Hi all,
I am having trouble with the loss function and I’m wondering if anyone can help!
In notebook 5 there is a table that represents the probability of an image being a 3 or a 7:
|3| 7| targ|idx| loss|
|---|---|---|---|---|
|0.602469|0.397531|0|0|-0.602469|
|0.502065|0.497935|1|1|-0.497935|
|0.133188|0.866811|0|2|-0.133188|
|0.99664|0.00336017|1|3|-0.00336017|
|0.595949|0.404051|1|4|-0.404051|
|0.366118|0.633882|0|5|-0.366118|
Now from my interpretation the loss of predicting a 3, which is where an image has the target = 1, you take the probability of the image being a 7. So for the second row, the image is actually a 3, with a target = 1 and the loss is given by -Pr(7) = - 0.497935. This is the same as - ( 1 - Pr(3)).
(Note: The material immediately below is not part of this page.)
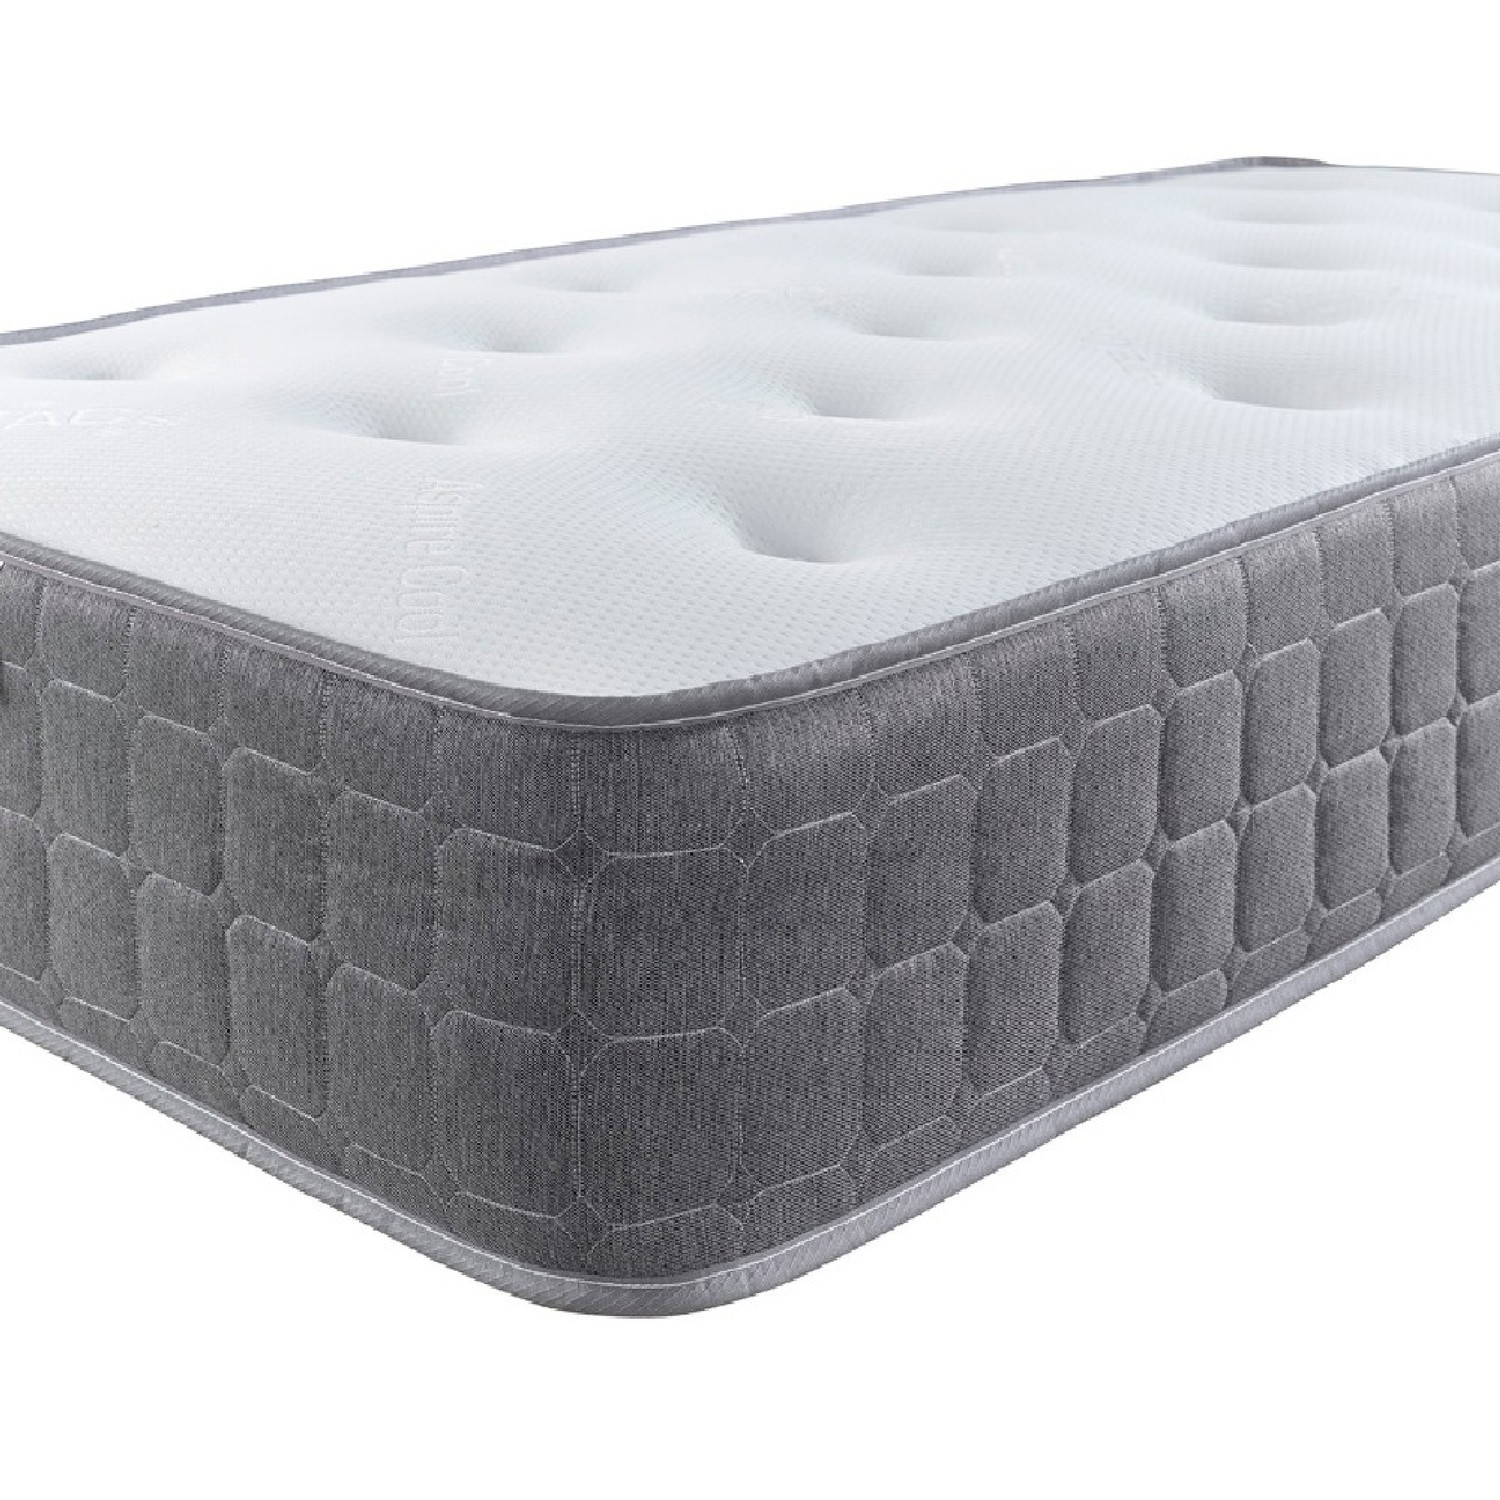 Aspire furniture quad comfort natural eco tufted spring mattress - double

We want to maximise this to get the best possible performance such that it should equal zero (maximise because it’s a negative number).
Or better to say, we want to minimise the probability that the model predicts 7 in this case, so we use SGD to find the parameters that minimise this.
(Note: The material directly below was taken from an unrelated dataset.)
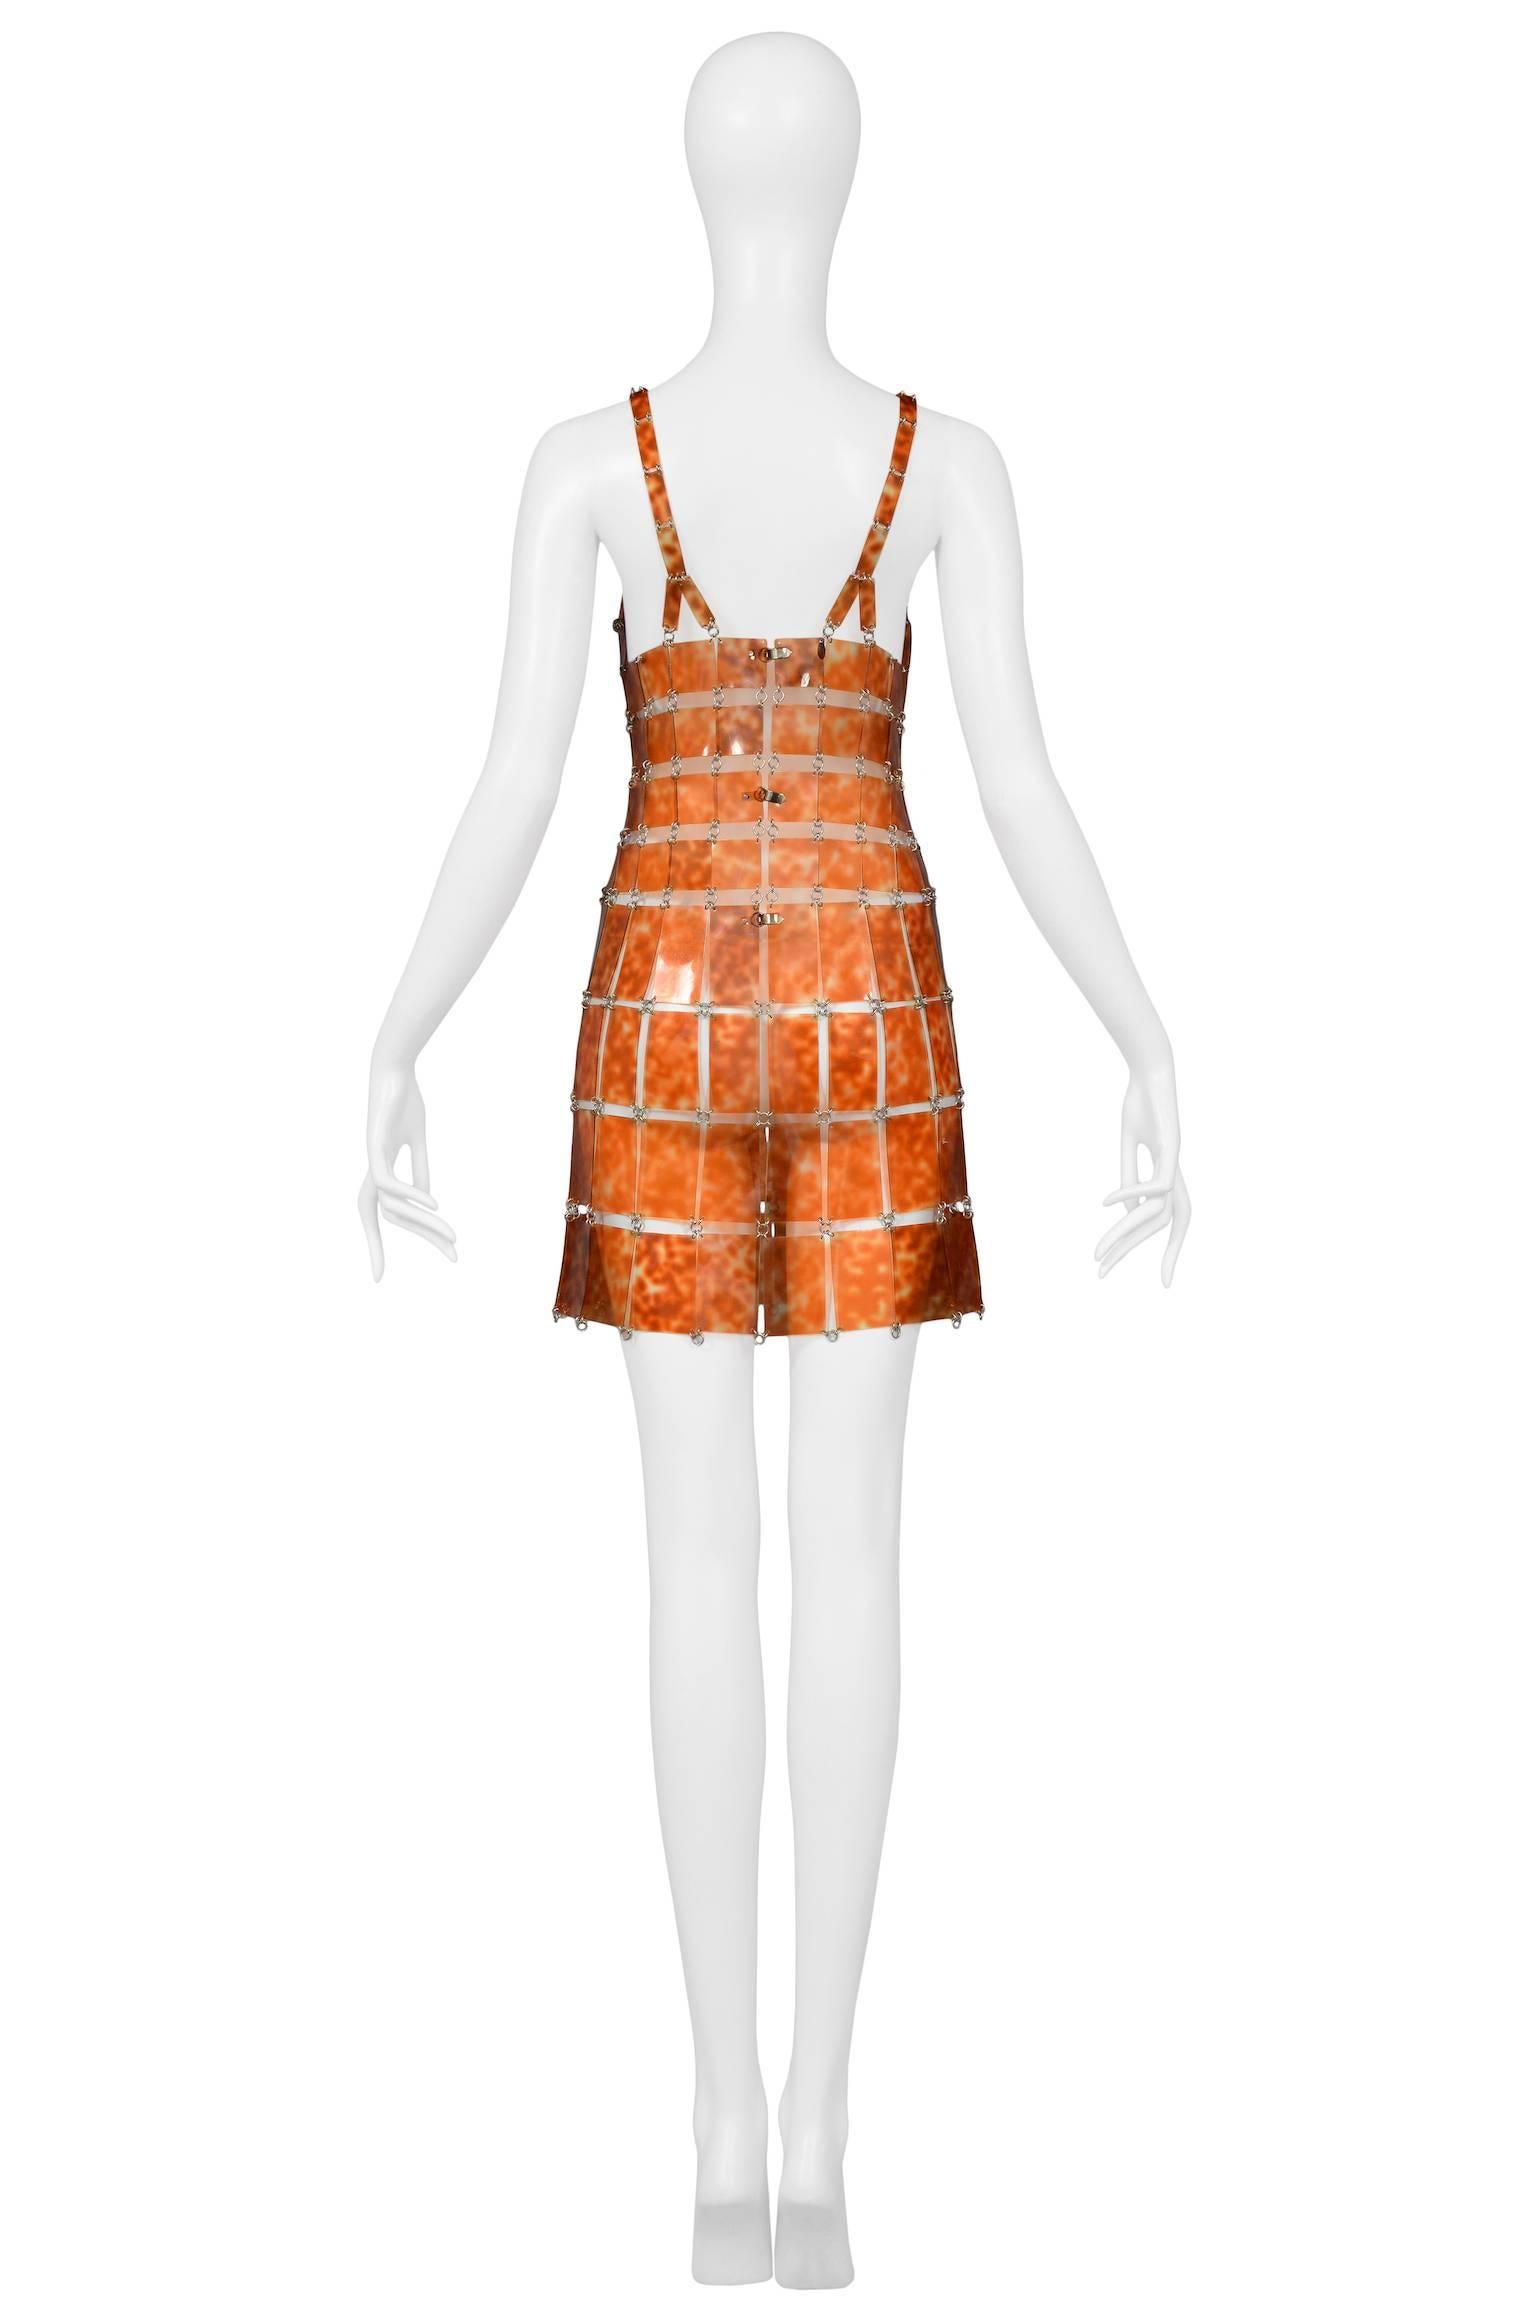 paco rabanne metal dress 1960s

My question arises from the multiclass case. The notebook says:
To see this, consider what would happen if we added an activation column for every digit (0 through 9), and then targ contained a number from 0 to 9. As long as the activation columns sum to 1 (as they will, if we use softmax), then we’ll have a loss function that shows how well we’re predicting each digit. We’re only picking the loss from the column containing the correct label. We don’t need to consider the other columns, because by the definition of softmax, they add up to 1 minus the activation corresponding to the correct label. Therefore, making the activation for the correct label as high as possible must mean we’re also decreasing the activations of the remaining columns.
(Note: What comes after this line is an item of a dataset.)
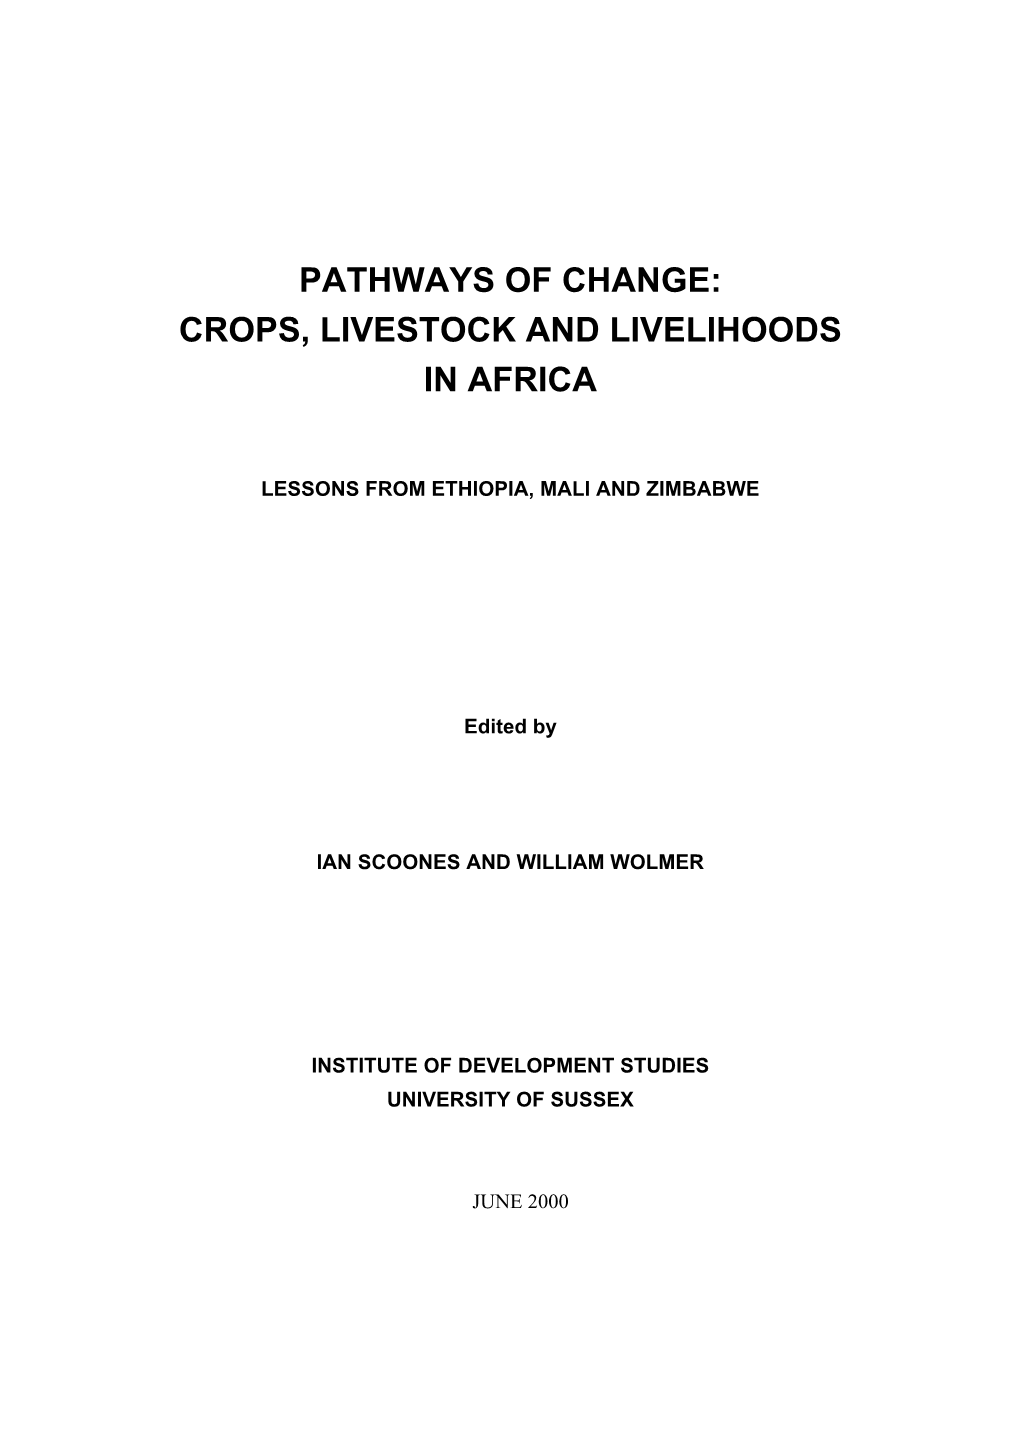 Crop-Livestock Integration in Mali: Multiple Pathways of Change

I interpret this like this. If we have numbers 1 - 9, with the image inputted being an actual 3, we use the result of the softmax which gives the probability of it being 3 (and of course the probability of being all the other numbers) as the loss function. Therefore we’re looking to maximise this value, and hence minimise 1 - Pr(3). My question is, is this loss function, in my example explained here, 1 - Pr(image = 3)? There’s no mentioned of 1 - Pr(3) in the notebook, well the 1 - operation in general, so that is confusing me!
Thanks!